We opened Blanche de Fantôme first, a 4% ABV wheat-based summer quencher. It's a moderately hazy bright yellow, but the first thing striking about it isn't the colour, it's the smell. This stuff reeks of a sharp, very nearly vomit-like, pungency. And it seems inescapable on tasting too, with only a trace of tropical fruit behind it. Yet it's amazing how quickly the human palate adjusts. After just a few mouthfuls the lemon citrus flavours come out -- refreshing in a Hoegaarden kind of way. It leaves me wondering if this is actually closer to the way Belgian witbier used to taste, when Hoegaarden was a wild, spontaneously fermented rustic beer style.
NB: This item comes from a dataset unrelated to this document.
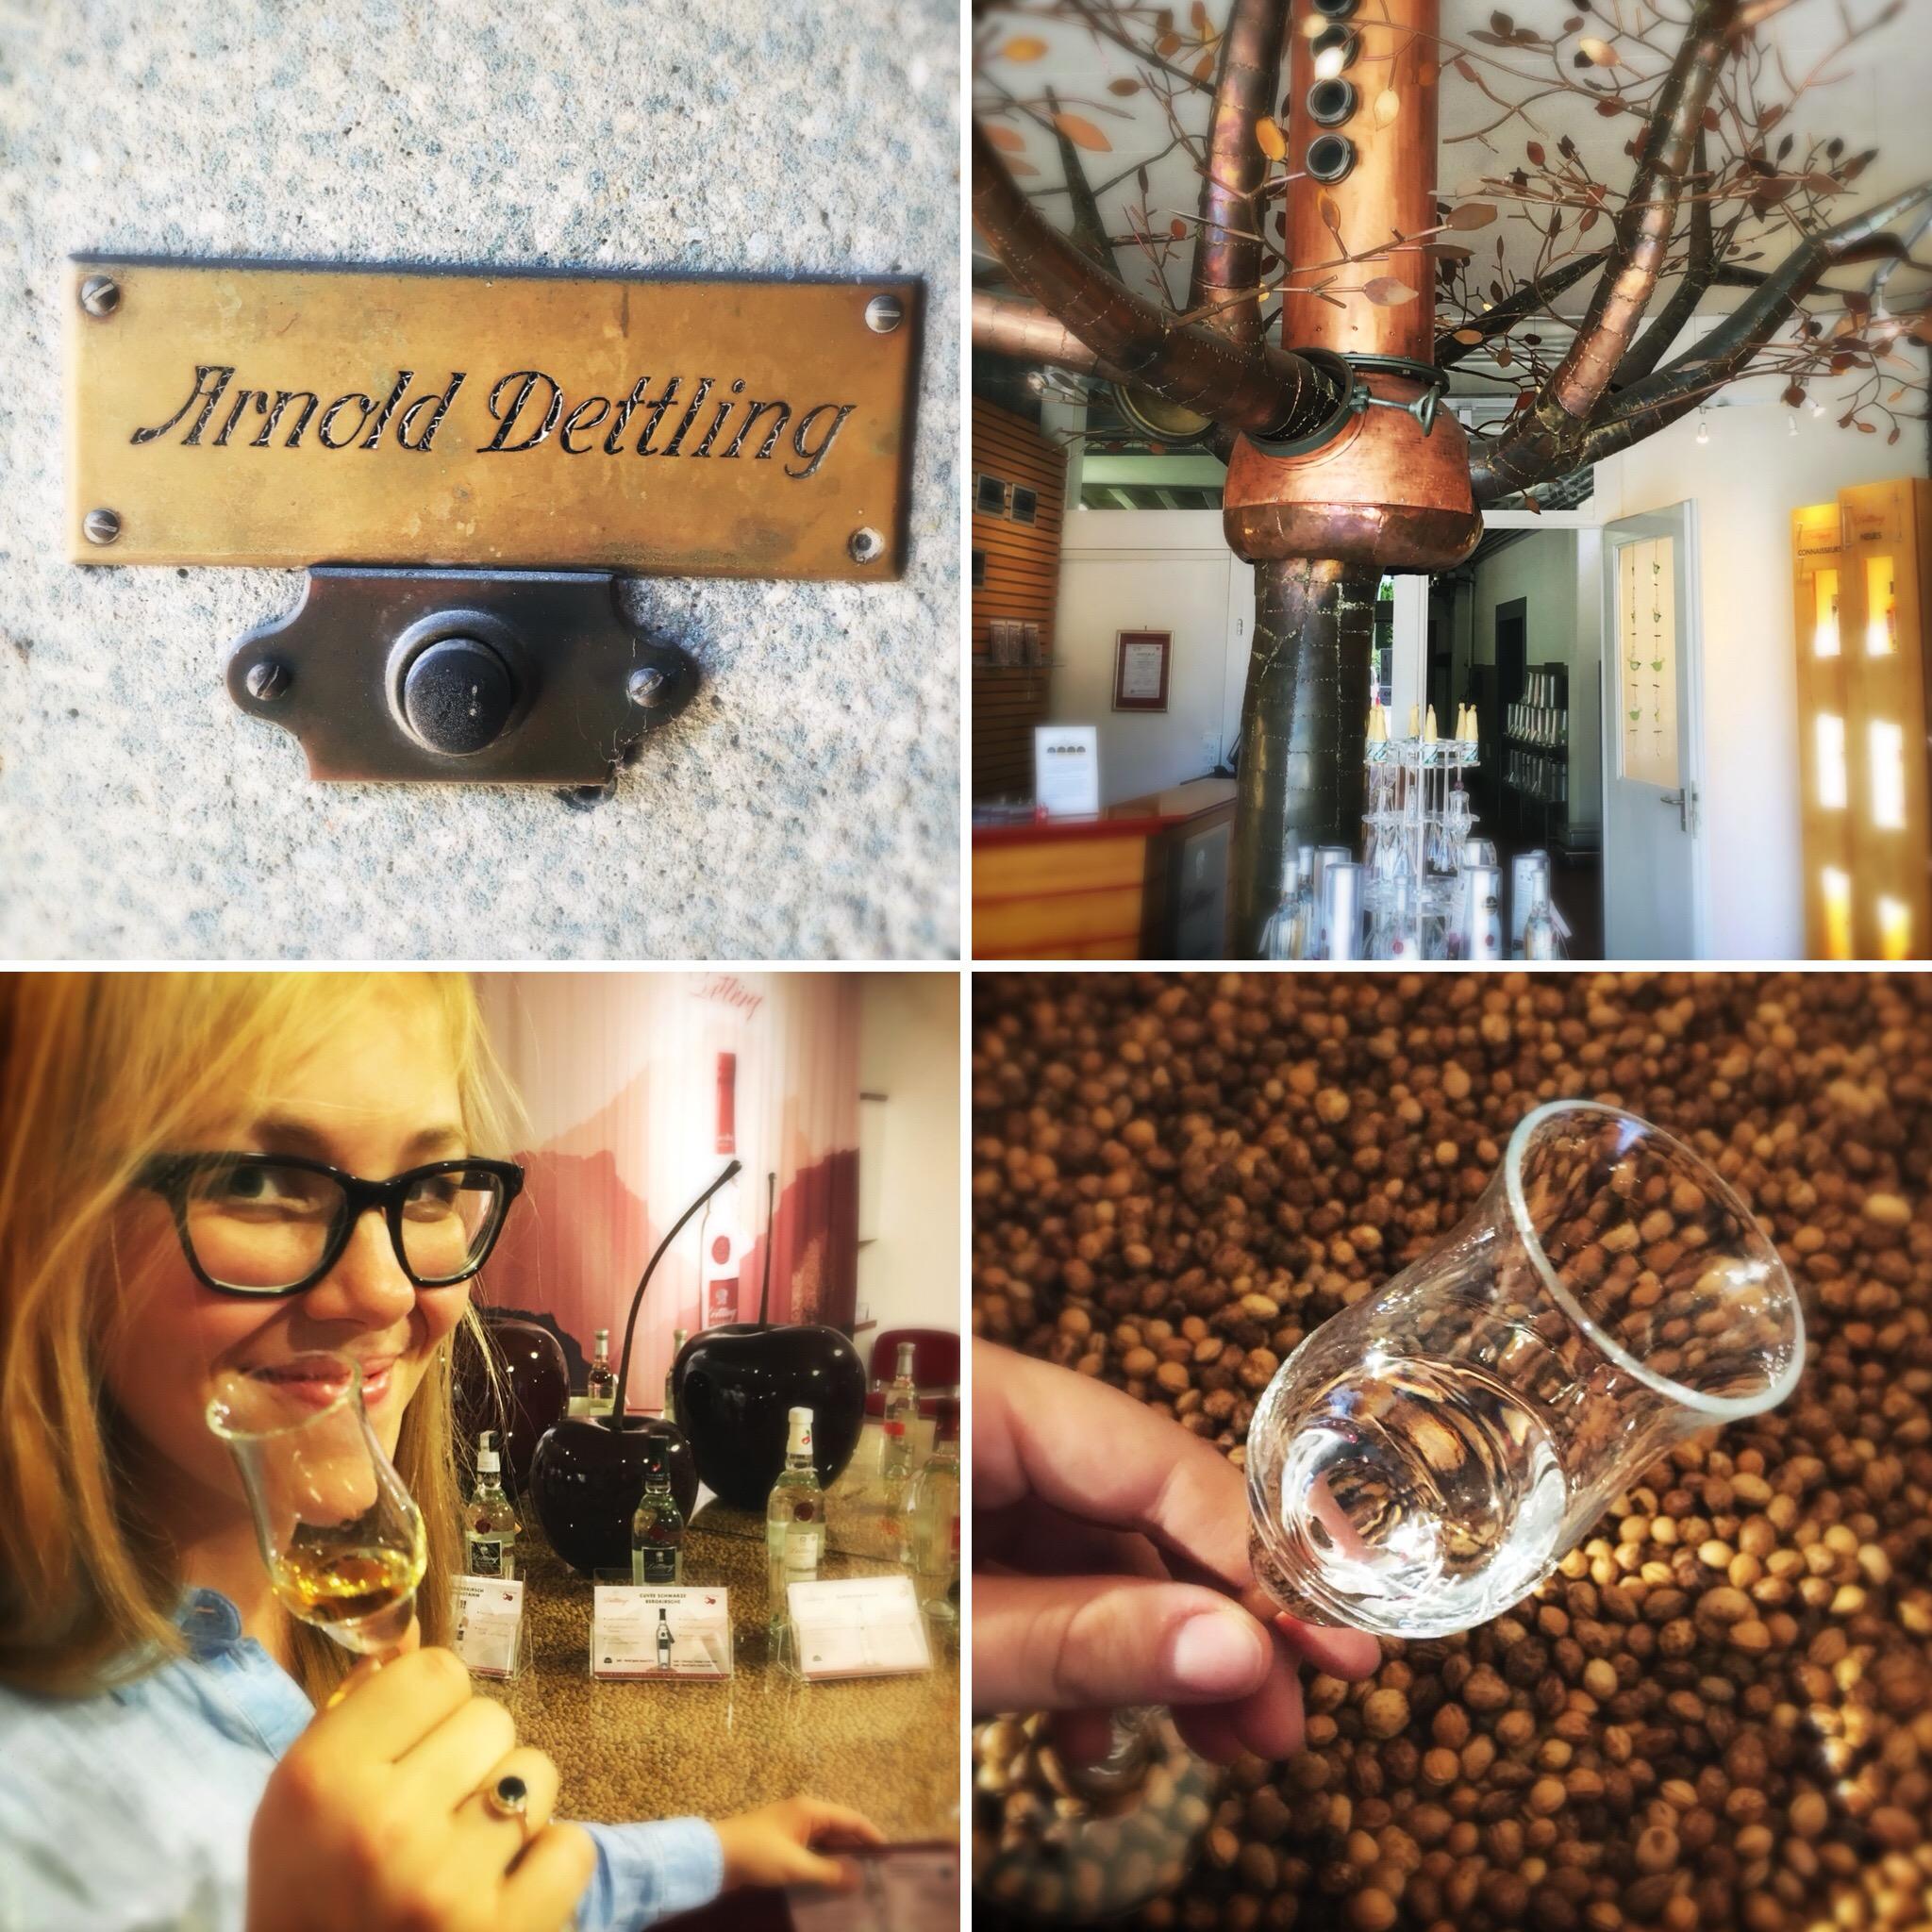 My visit to Dettling, a kirsch distillery -

I surprised myself by concluding that this is a marvellously neckable warm day quaffer. It's probably best if you hold your nose starting out, though.
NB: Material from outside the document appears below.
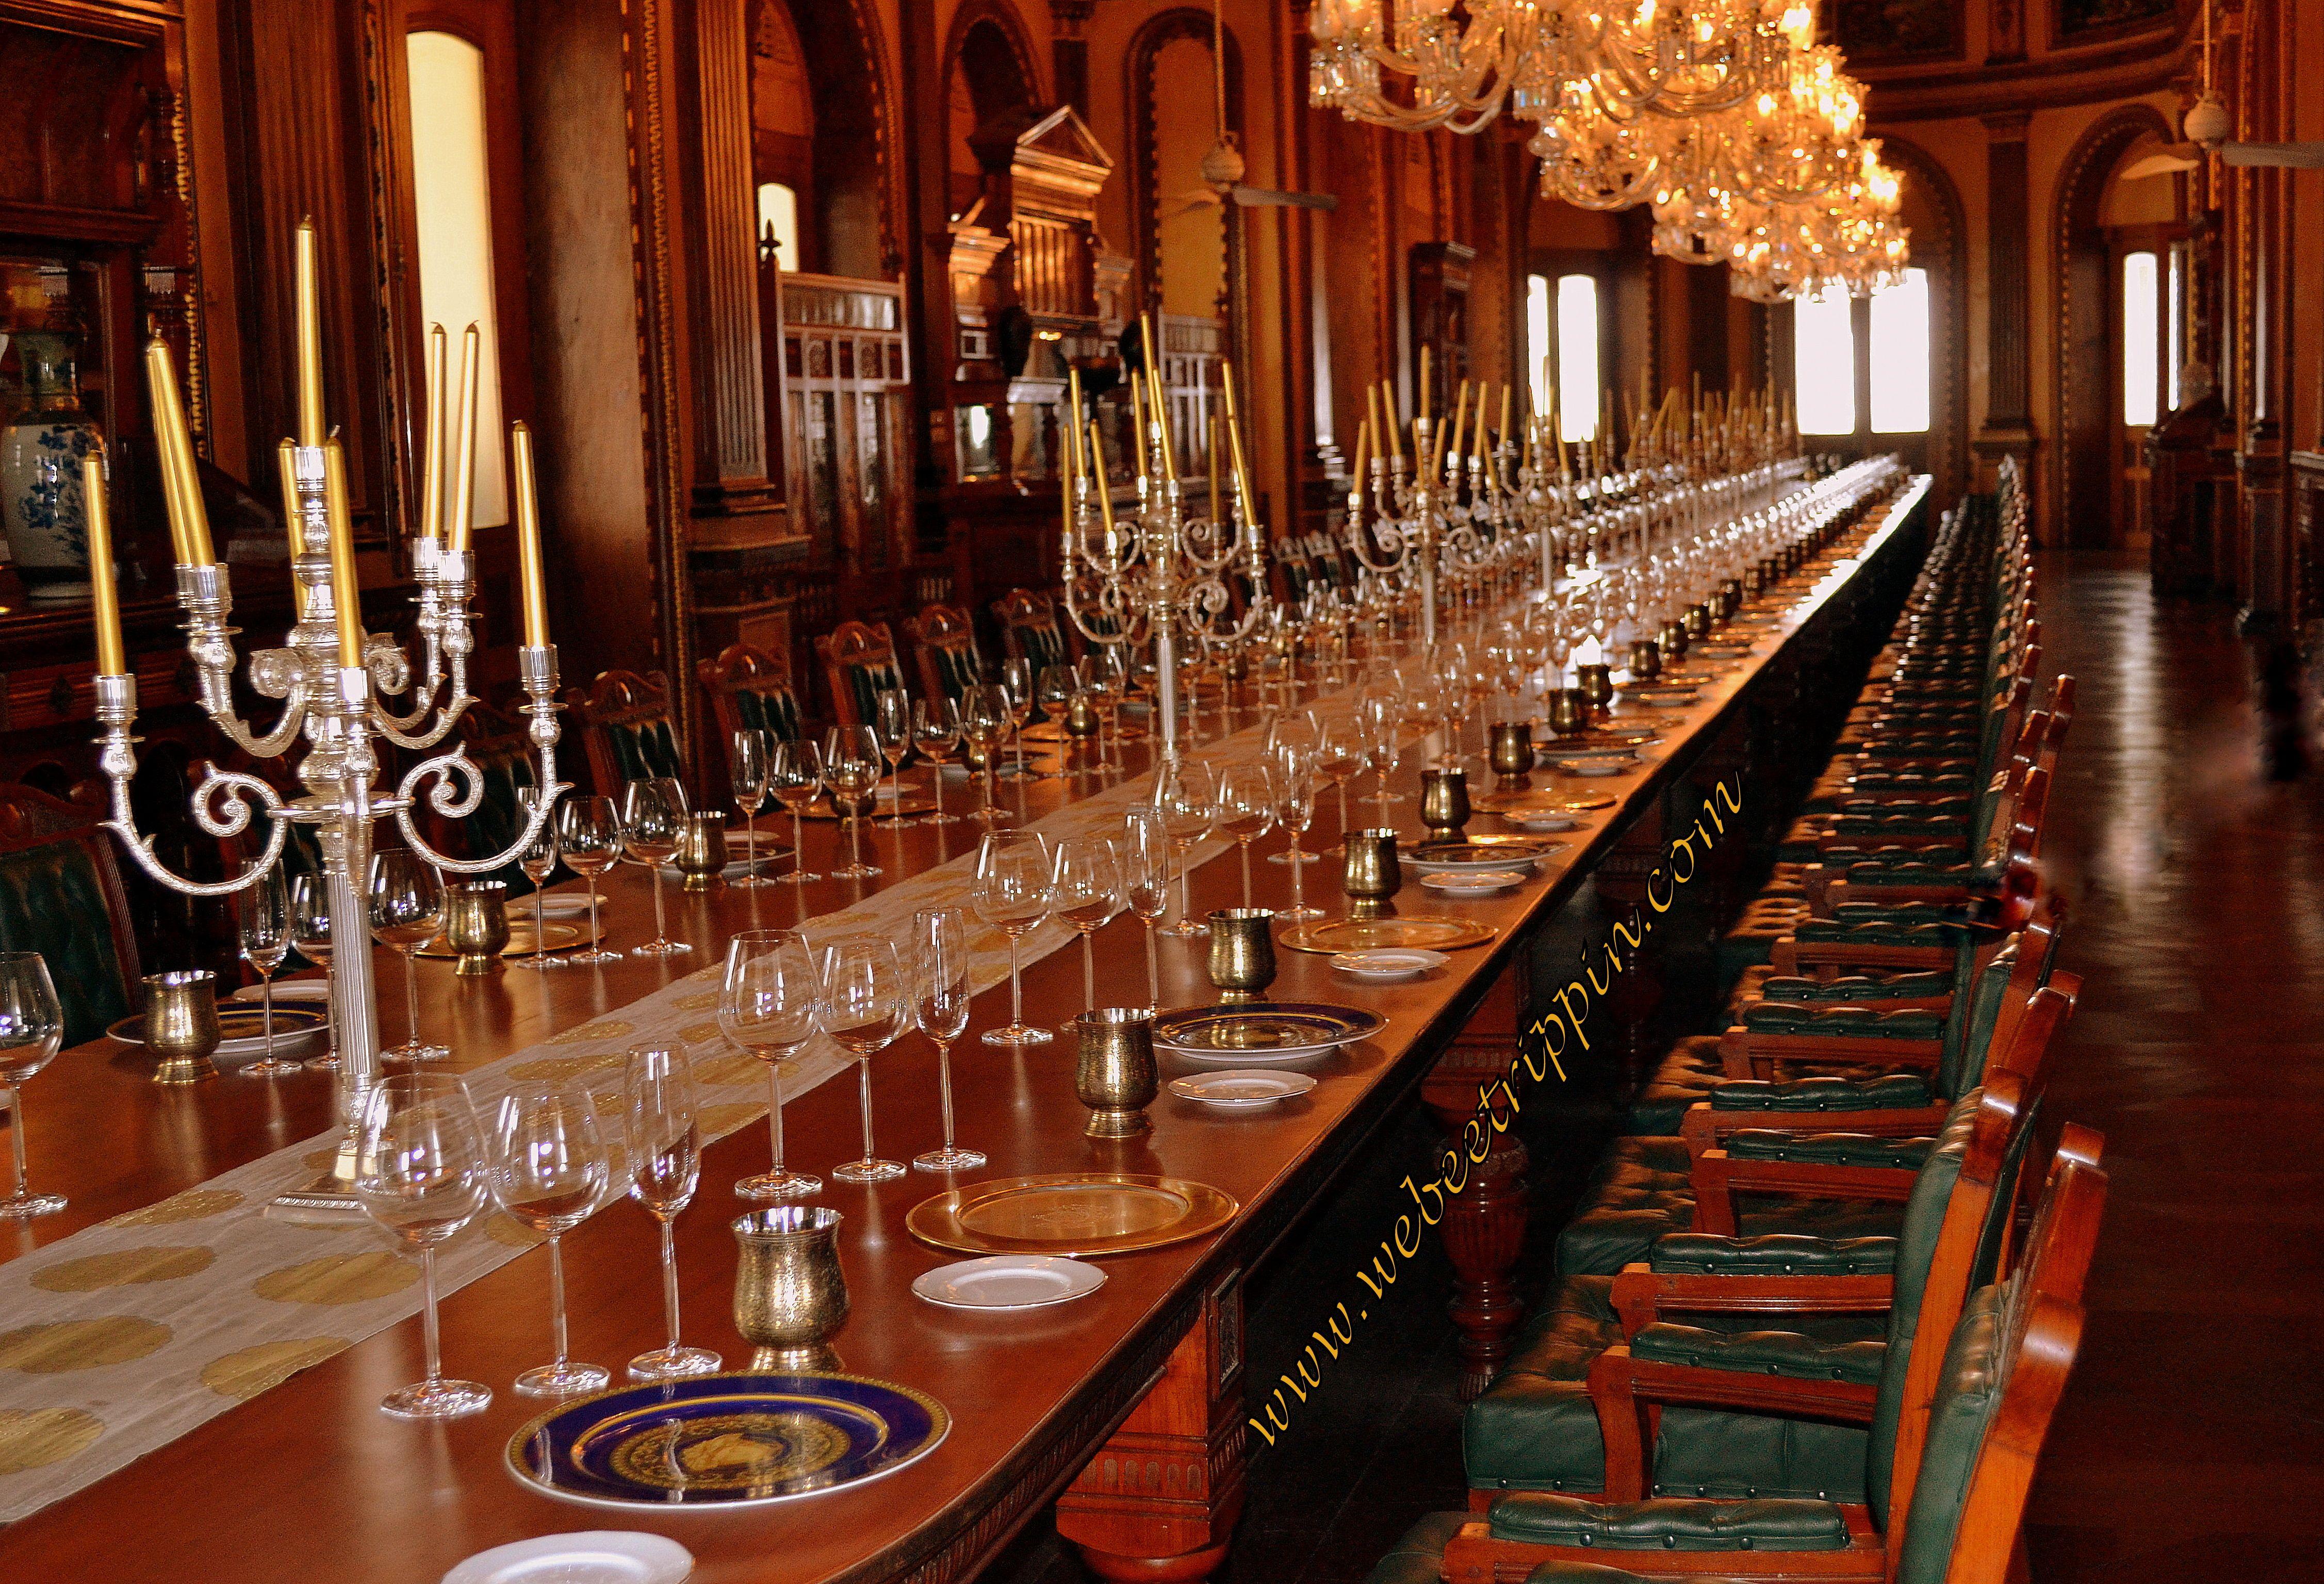 Hyderabad Taj Falaknuma Palace Grand Dining Table Said to be

And from the odd to the downright weird: presenting Magic Ghost, a saison flavoured and coloured with woodruff: a herbal flavouring better known in the beer world for taking the edge off a different sour style: Berliner Weisse. So it's green, OK, we'll move along from that. It's hazy too, as saisons normally are. Unfortunately there's not much else going on. It's slightly sour, a little spicy and there's something of an artificial candy-sweet tang. Perfectly drinkable but not very distinctive in itself.

Two beers that are anything but run-of-the-mill. Fantôme are back on my shopping list.

21 June 2012

Cheap wheats

I don't know what Tesco's game was a few weeks ago: a sudden avalanche of quality beers across the chain in Ireland, both local and imported. I went in to my local branch more out of idle curiosity than anything else, not expecting to find much new or interesting. But in amongst the British and Irish ales there were these two Bavarian weissbiers I'd never seen before. In for a penny in for 5-for-a-tenner, I thought.

Arcobräu Weissbier Hell poured a pale and hazy shade of gold. Though all of 5.3% ABV it's quite light-bodied, almost to the point of being watery. What would you expect for two euro a go? But give it a minute and the flavour kicks into action. There's a rising clove flavour that builds on the palate as it goes down. Combine with the easy-going texture and you have a wonderfully tasty refreshing and sessionable pale weiss. Bailey once described the Grolsch weizen as a cartoon version of the real thing: this one is similarly entertaining in a simplified way.

High expectations, then, for Arcobräu Weissbier Dunkel. It's not all that dark as these things go: a chestnut shade only a grade or two dimmer than Schneider-Weisse, say. (Also, all those people who get upset about the oxymoronic nature of "Black India Pale Ale": why aren't they up in arms about "dunkelweisse" too?) Anyway, it's just as simply constructed as the pale one but lacks the lovely clove character. The flavour is rather more banana-based but there's not much else: no caramel, no roast, just vague bananas finishing slightly dry, but that could be the fizz as much as the dark malt. Meh.

I've had poorer experiences after dropping €4 in a Dublin beer shop, but when there's O'Hara's IPA and Clotworthy Dobbin in the same offer you're best keeping it local at Tesco.